Les matériels d’écoute et d’enregistrements eux aussi nous manquaient cruellement car réservés aux professionnels ou aux fortunés. Les chaînes stéréo commençaient à remplacer nos tourne-disques, bientôt suivies par les chaînes hi-fi. Pour les enregistrements, le bon vieux magnétophone à bande gros comme une valise auquel succéderait le magnéto K7 plus léger, quant à enregistrer la TV inutile d’y penser, le magnétoscope était hors de prix et encore peu répandu.

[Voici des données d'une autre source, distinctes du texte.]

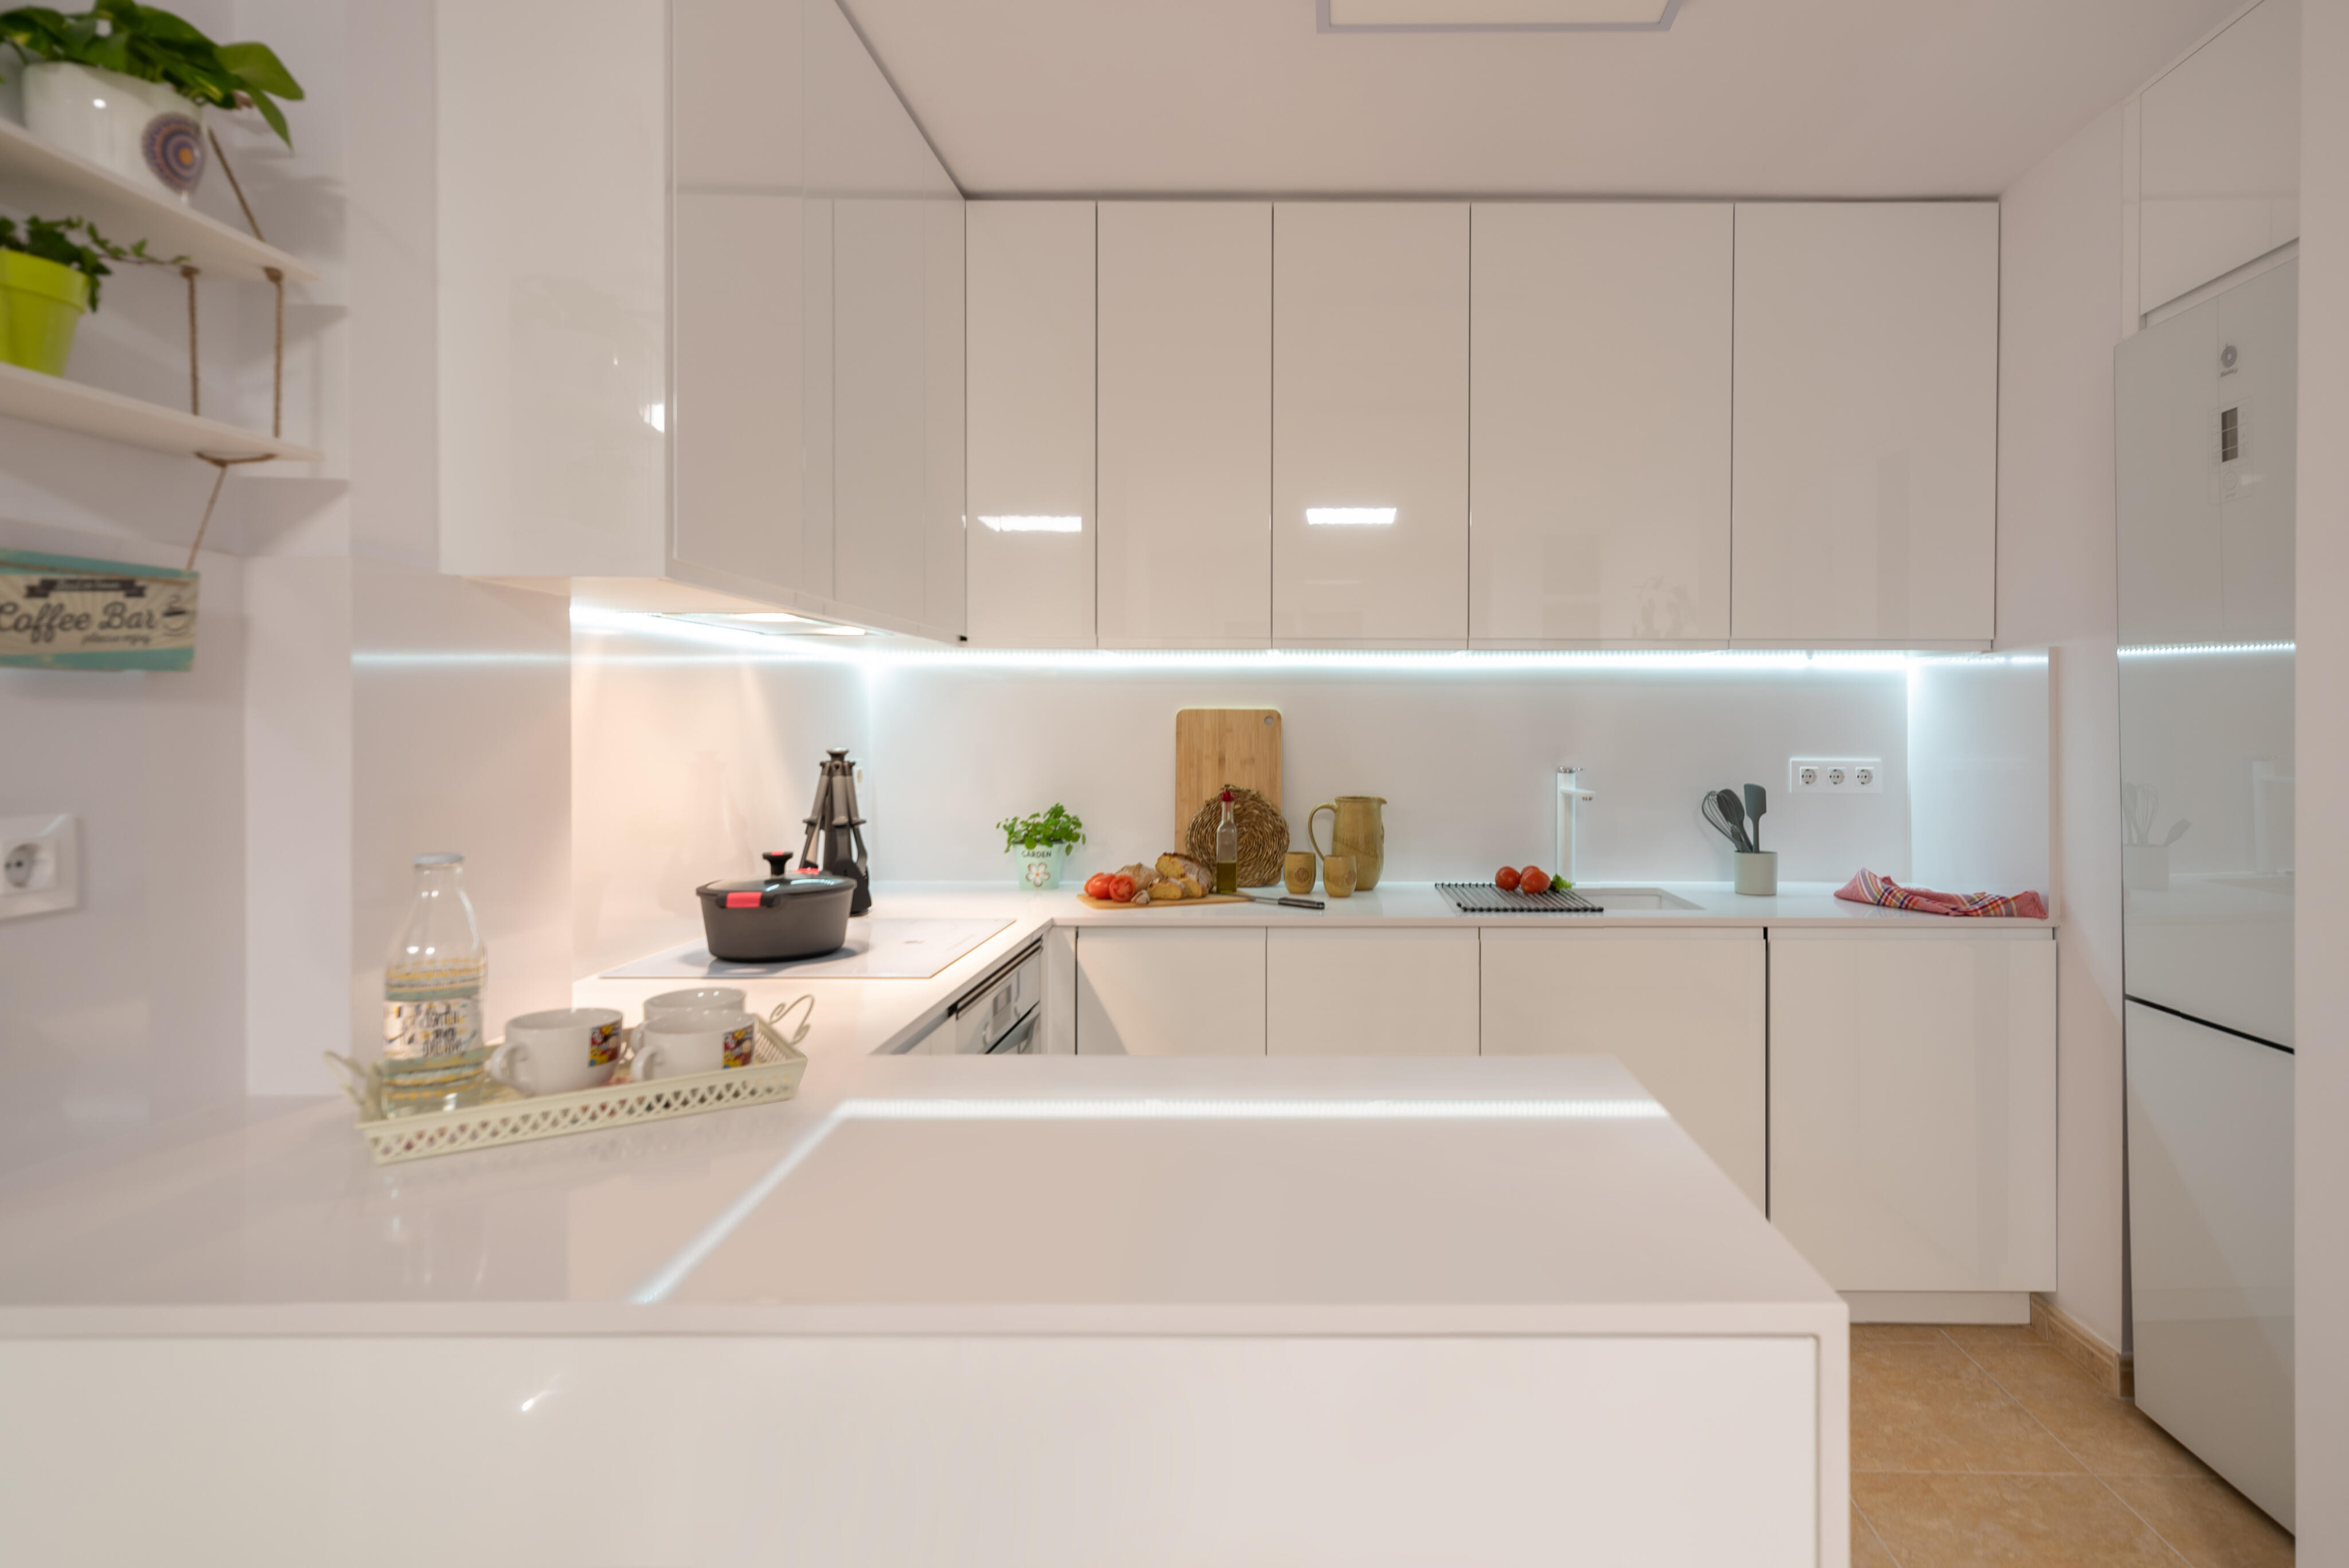 microondas mueble alto junto a frigo  Kitchen interior design modern,  Kitchen decor modern, Modern kitchen interiors

Avant que POP2 ne commence, j’installais sur la table de la salle à manger familiale mon magnéto à bande, relié au téléviseur par un long câble et dès le générique j’enclenchais l’enregistrement. Bien entendu tout cela sous les sarcasmes de mes parents dont je n’avais que faire, heureux comme un conquistador découvrant l’or Inca, j’accumulais mes prises et me les repassais sans fin dans ma petite chambre, à l’abri des regards et oreilles des béotiens ignares.
Quand en mai 1971, POP2 diffusa un concert privé des Rolling Stones enregistré au Marquee de Londres ça fit du boucan dans le landerneau ! Il nous fallait absolument cette bande à n’importe quel prix. La suite, ce sont des enregistrements audio au son pourri recopiés à l’infini sur des K7 qu’on s’échangeait sous le manteau – comme des photos coquines aux abords de Pigalle – entre initiés. Plus tard, la technologie évoluant, ces mêmes sources ressortirent en CD et même en DVD nettoyées et restaurées qui nous coûtèrent la peau des fesses – c'est-à-dire l’or des Incas une fois encore.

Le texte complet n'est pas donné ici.